A factory keyword will let you do this: factory=lambda: collections.defaultdict(lambda: 0). This is explicit and hopefully easy enough to understand.

bartvm · 2015-03-15T22:08:41Z

I agree it's more explicit and robust.

How would you want to deal with mappings that don't support update and copy? For copy I guess you could switch from d.copy() to copy.copy(d), but not using update is quite a bit slower than doing it manually:

In [135]: def update(d1, d2):
    for k, v in d2.iteritems():
        d1[k] = v

In [137]: d1 = {i: i +1 for i in range(1000)}

In [138]: d2 = {i: i +1 for i in range(1000)}

In [139]: %timeit update(d1, d2)
10000 loops, best of 3: 63.9 µs per loop

In [140]: %timeit d1.update(d2)
10000 loops, best of 3: 20.6 µs per loop

Maybe something like this?

def update(d1, d2):
    if callable(getattr(d1, 'update', None)):
        d1.update(d2)
    else:
        for k, v in d2.iteritems():
            d1[k] = v

bartvm · 2015-03-25T00:40:17Z

New version with factory keyword argument instead of type(d). Made it compatible with the mapping protocol, so .copy -> copy.copy and .update to my suggestion from #232 (comment), which seemed fast enough:

In [1]: def update(d1, d2):
    if callable(getattr(d1, 'update', None)):
        d1.update(d2)
    else:
        for k, v in d2.iteritems():
            d1[k] = v

In [2]: d1 = {i: i +1 for i in range(1000)}

In [3]: d2 = {i: i +1 for i in range(1000)}

In [4]: %timeit update(d1, d2)
10000 loops, best of 3: 20.3 µs per loop

In [5]: %timeit d1.update(d2)
10000 loops, best of 3: 19.9 µs per loop

eriknw · 2015-03-25T03:57:00Z

Very cool.

… method

bartvm · 2015-03-25T04:25:25Z

After having a closer look I'd actually suggest switching back to the update method. It's part of the MutableMapping protocol, and update is only used in merge, where we can assume that the mapping used is mutable (it must be).

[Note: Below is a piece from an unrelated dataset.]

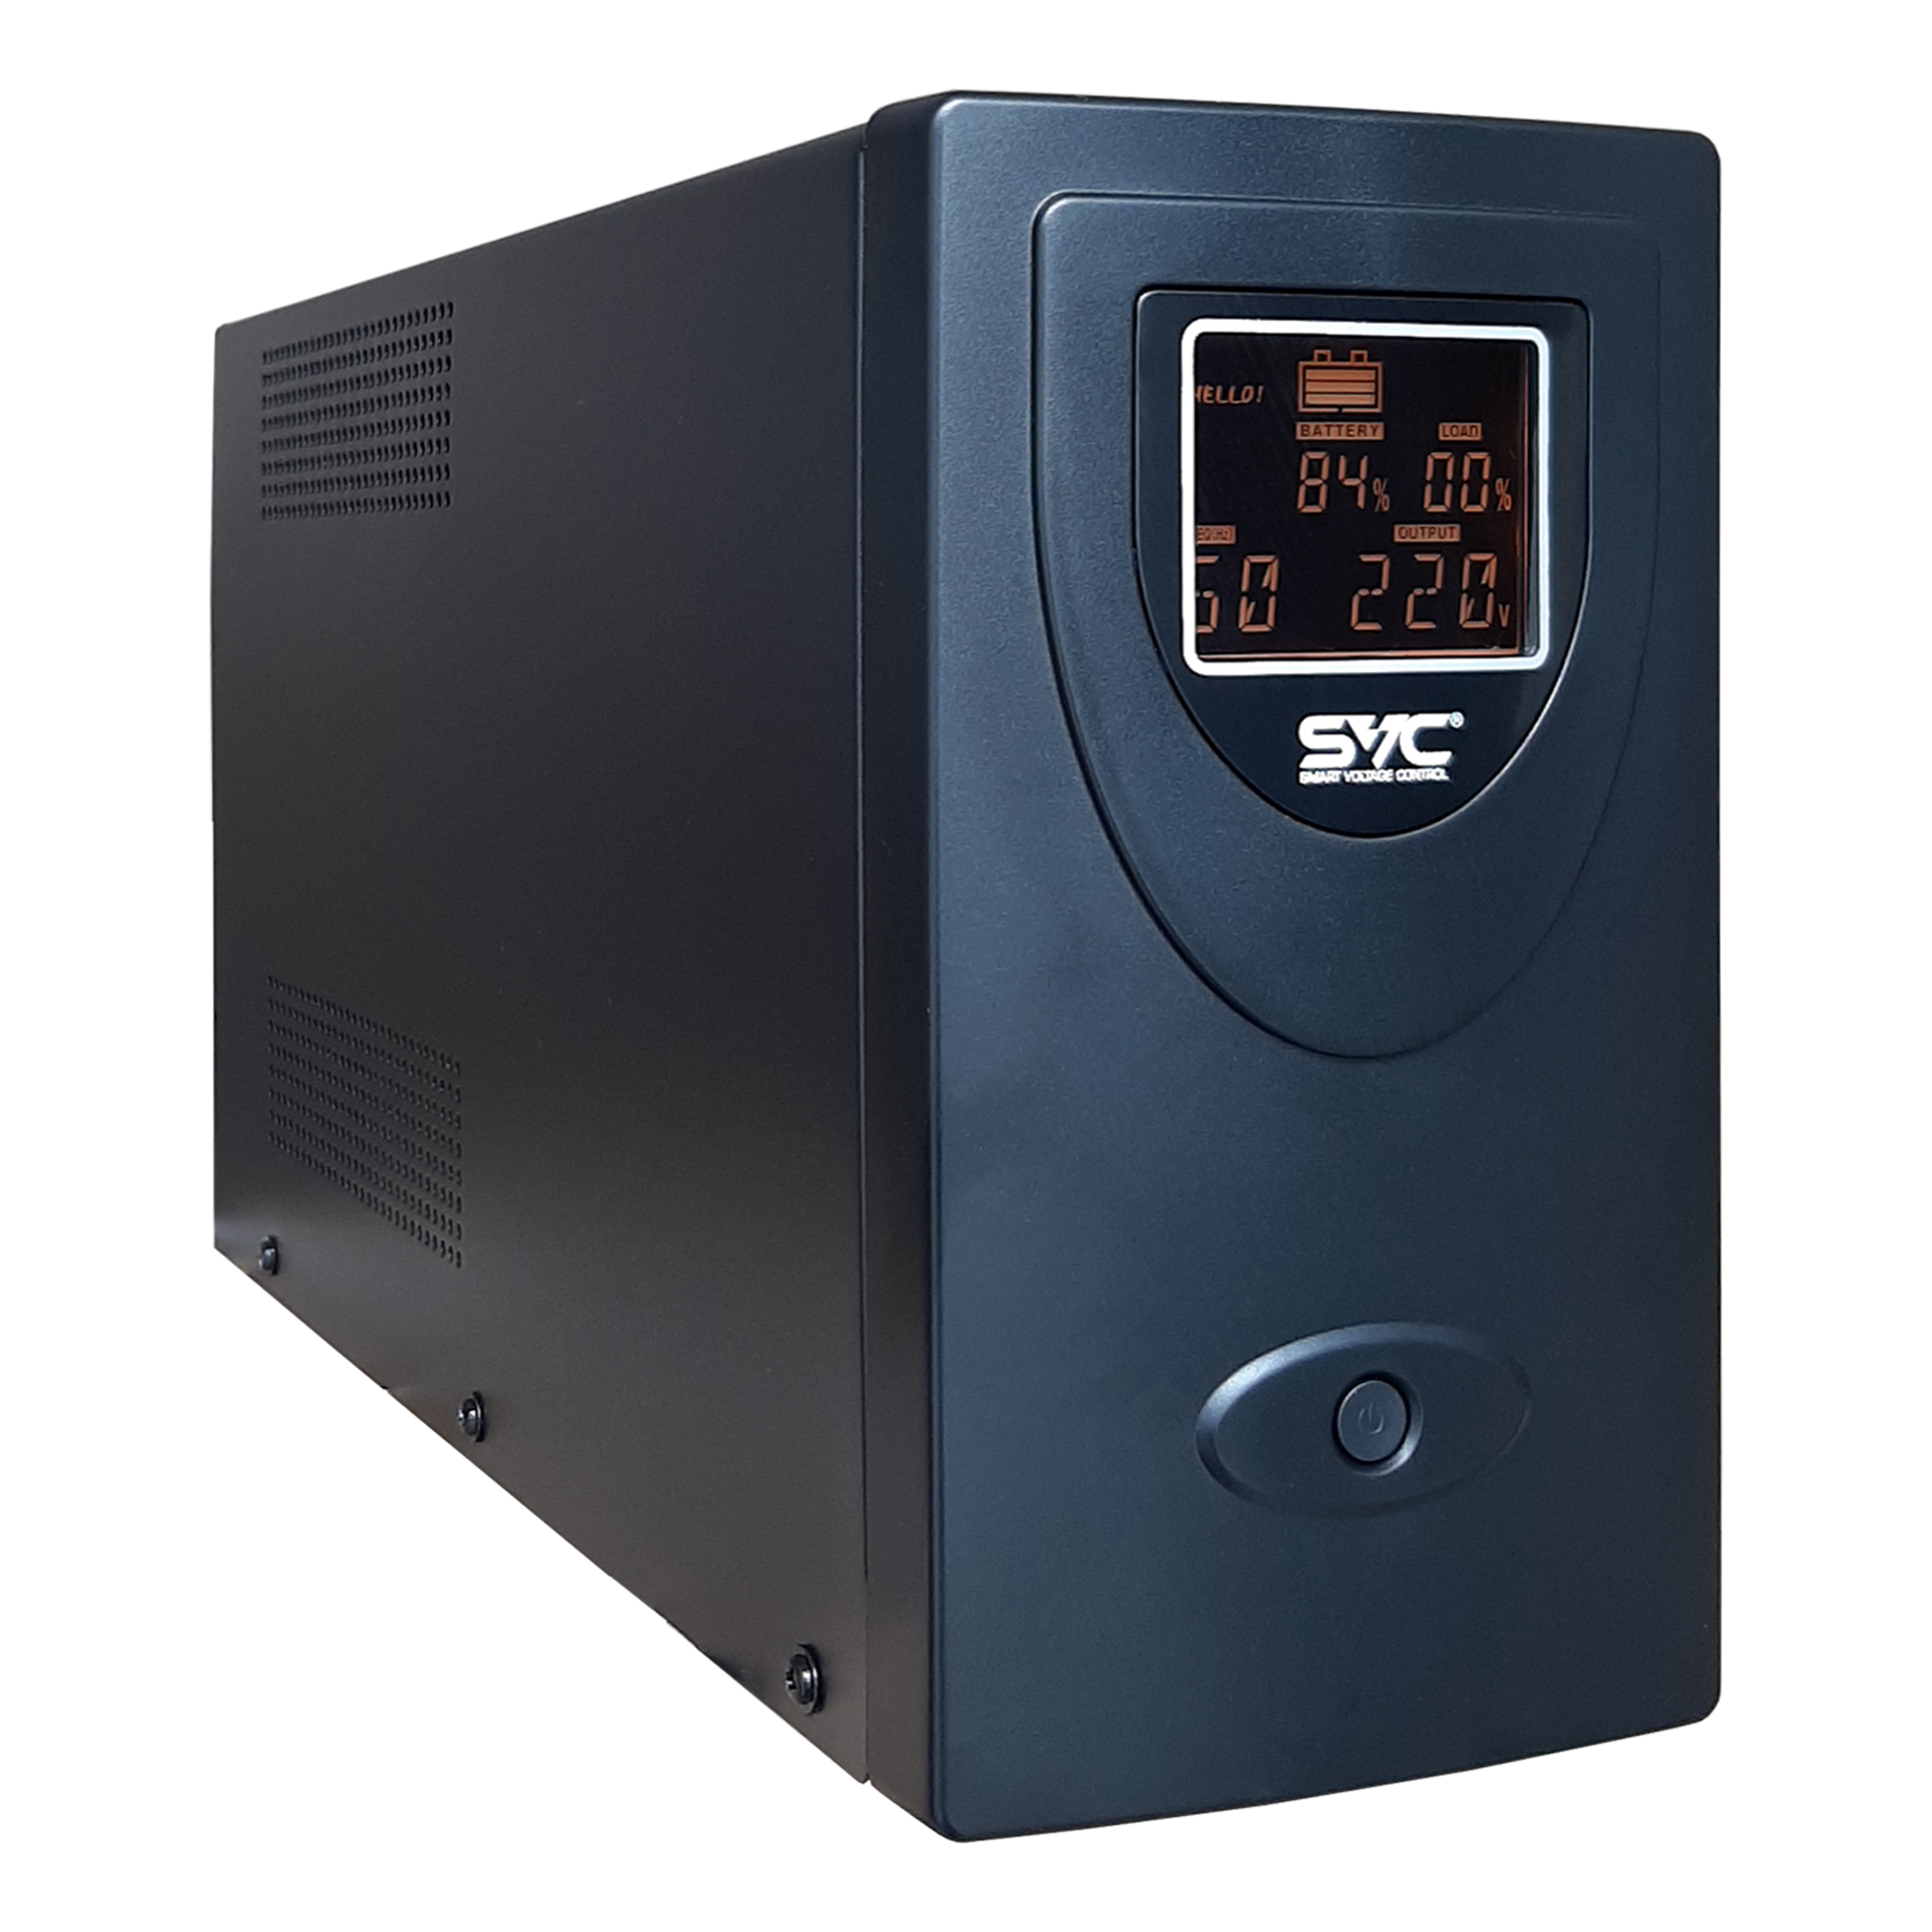 ИБП SVC V-2000-R-LCD/4SC, 2000 В·А, 1.2 кВт, EURO, розеток - 2, USB, черный (V-2000-R-LCD/4SC)

I made that change and all tests should pass now. Let me know if you'd like to see any other changes.

eriknw · 2015-03-25T04:54:26Z

Oh, you're right about that. Thanks for being pedantic. I was looking at Mapping, not MutableMapping.

We should check to see if anything needs done for toolz.curried or toolz.curried_exceptions. Presumably, it should be easy to curry or partial everything in toolz.dicttoolz to use a different factory.

We should probably mention this in the documentation somewhere too.

This looks pretty good to me. @mrocklin, thoughts?

eriknw · 2015-03-25T04:56:25Z

Would you like to add yourself to AUTHORS.md, @bartvm? Welcome to PyToolz!

bartvm · 2015-03-25T13:40:30Z

Cool, I will, thanks!

Currying is problematic for merge and merge_with, because they unpack their arguments (so merge() without any arguments works just fine and returns {}). This means curry can't tell whether merge(factory=defaultdict) is a partial application or not, and simply returns an empty defaultdict.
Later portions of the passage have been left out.